◆ **Given material**
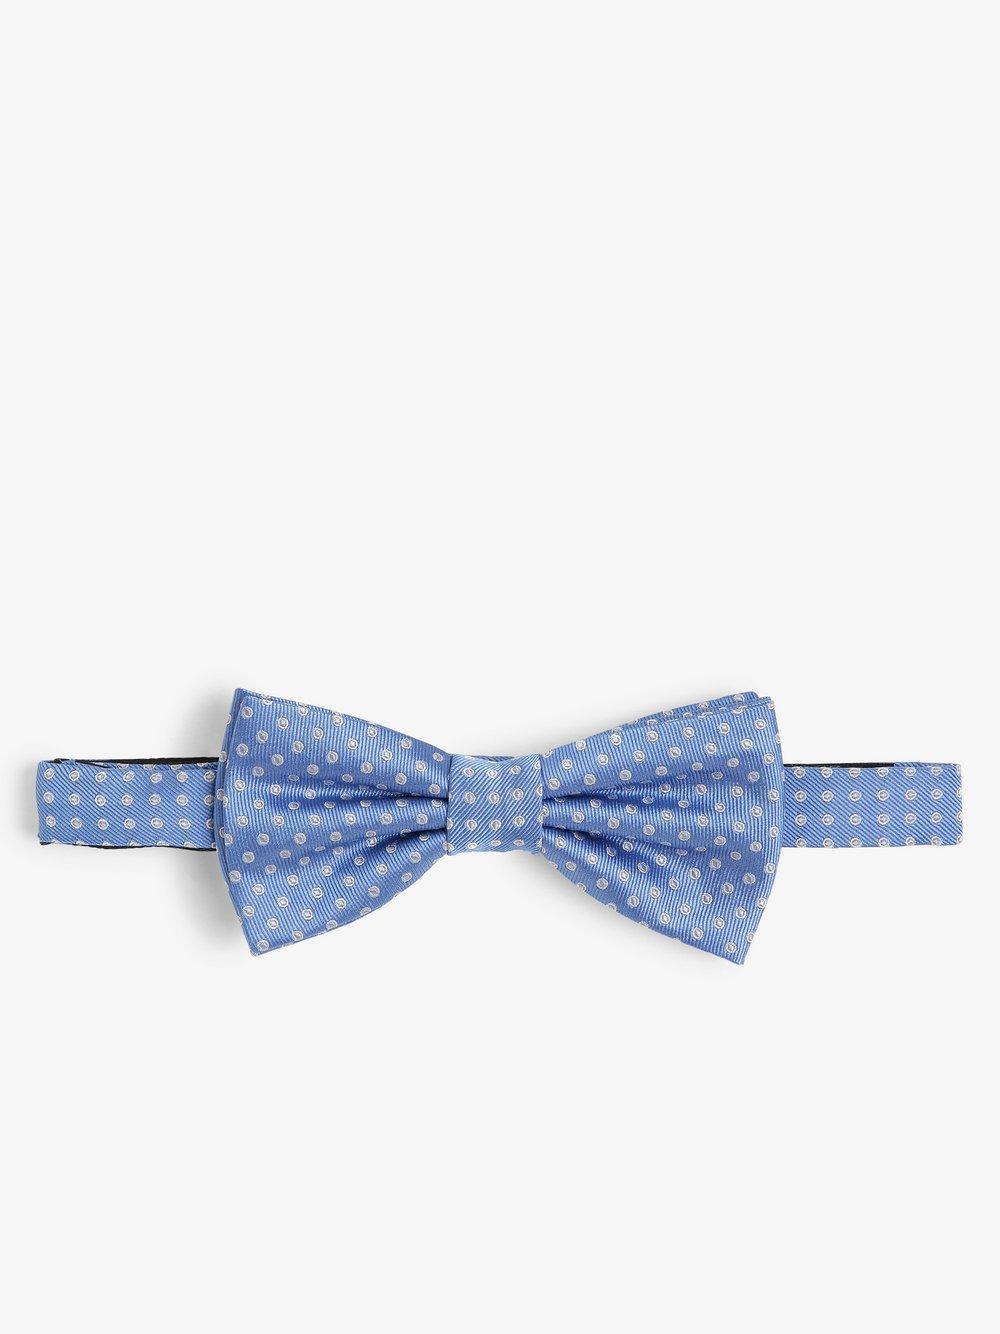 Finshley & Harding London – Muszka męska z jedwabiu, niebieski Van Graaf 469703-0001-00000
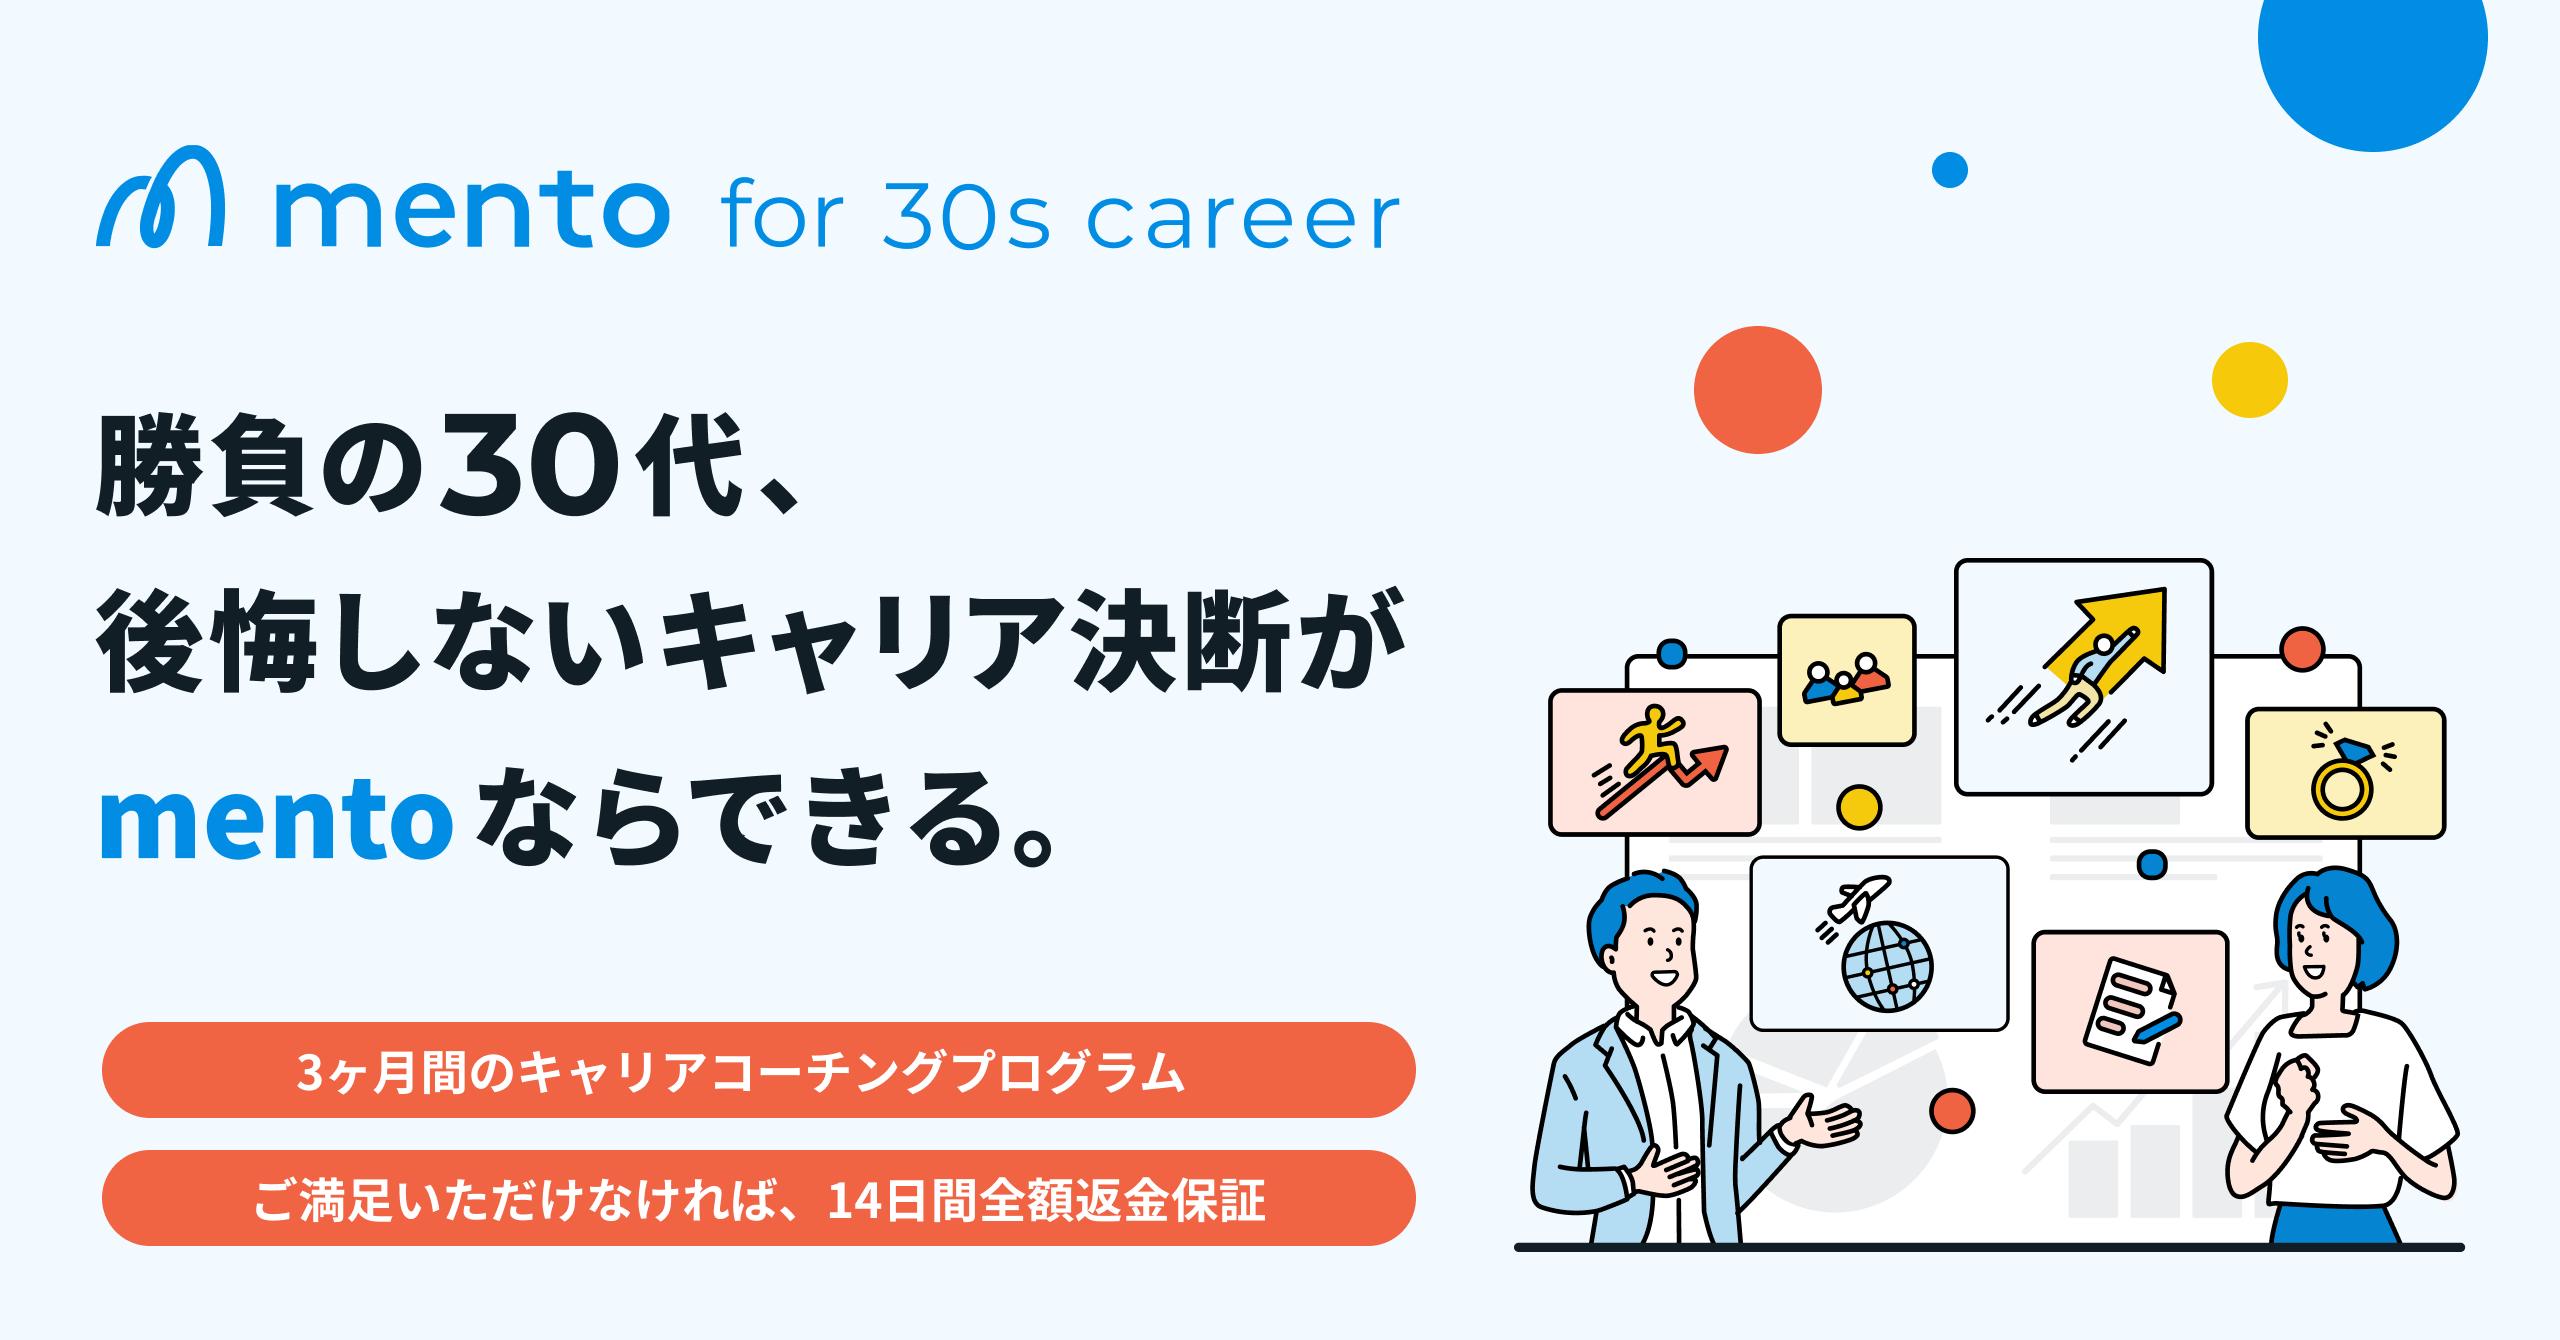 コーチングサービス「mento」が、本気のキャリアデザインにコミットする 短期集中プログラム「mento for 30s career」を提供開始
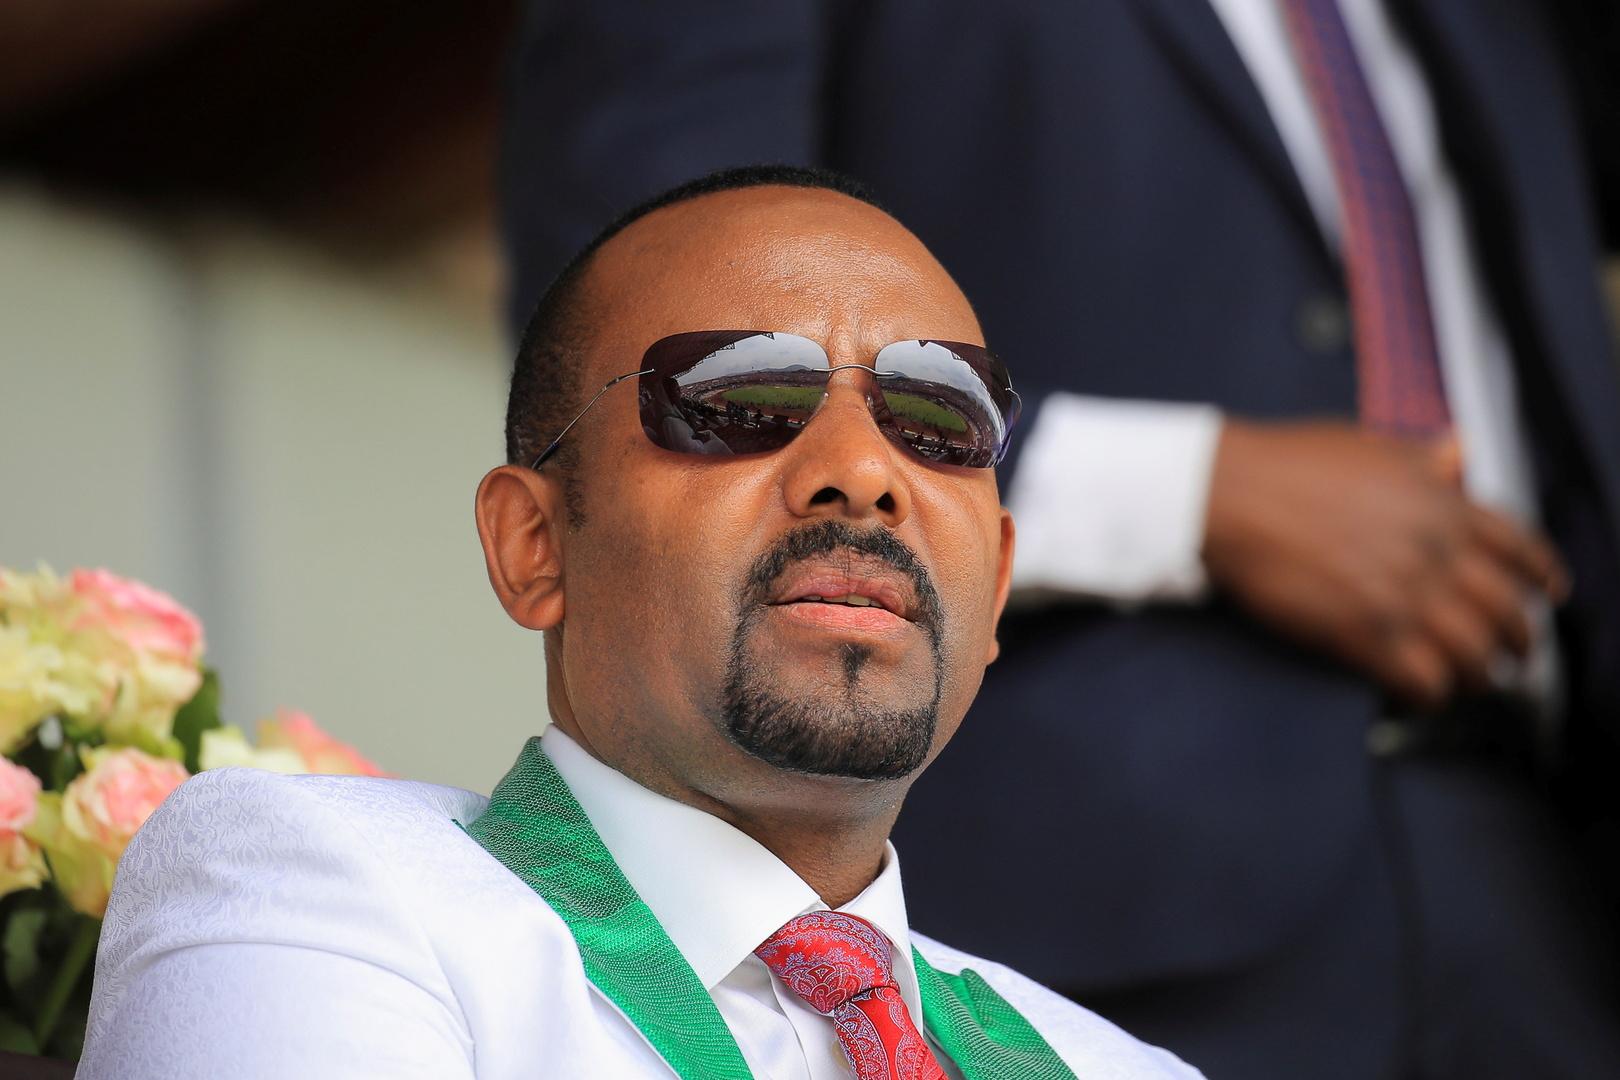 رئيس وزراء إثيوبيا يصف رئيس جنوب السودان بأنه من

◆ **Prompt**
Write out every line above again exactly, with the pictures left out.

◆ **Written answer**
 Finshley & Harding London – Muszka męska z jedwabiu, niebieski Van Graaf 469703-0001-00000
 コーチングサービス「mento」が、本気のキャリアデザインにコミットする 短期集中プログラム「mento for 30s career」を提供開始
 رئيس وزراء إثيوبيا يصف رئيس جنوب السودان بأنه من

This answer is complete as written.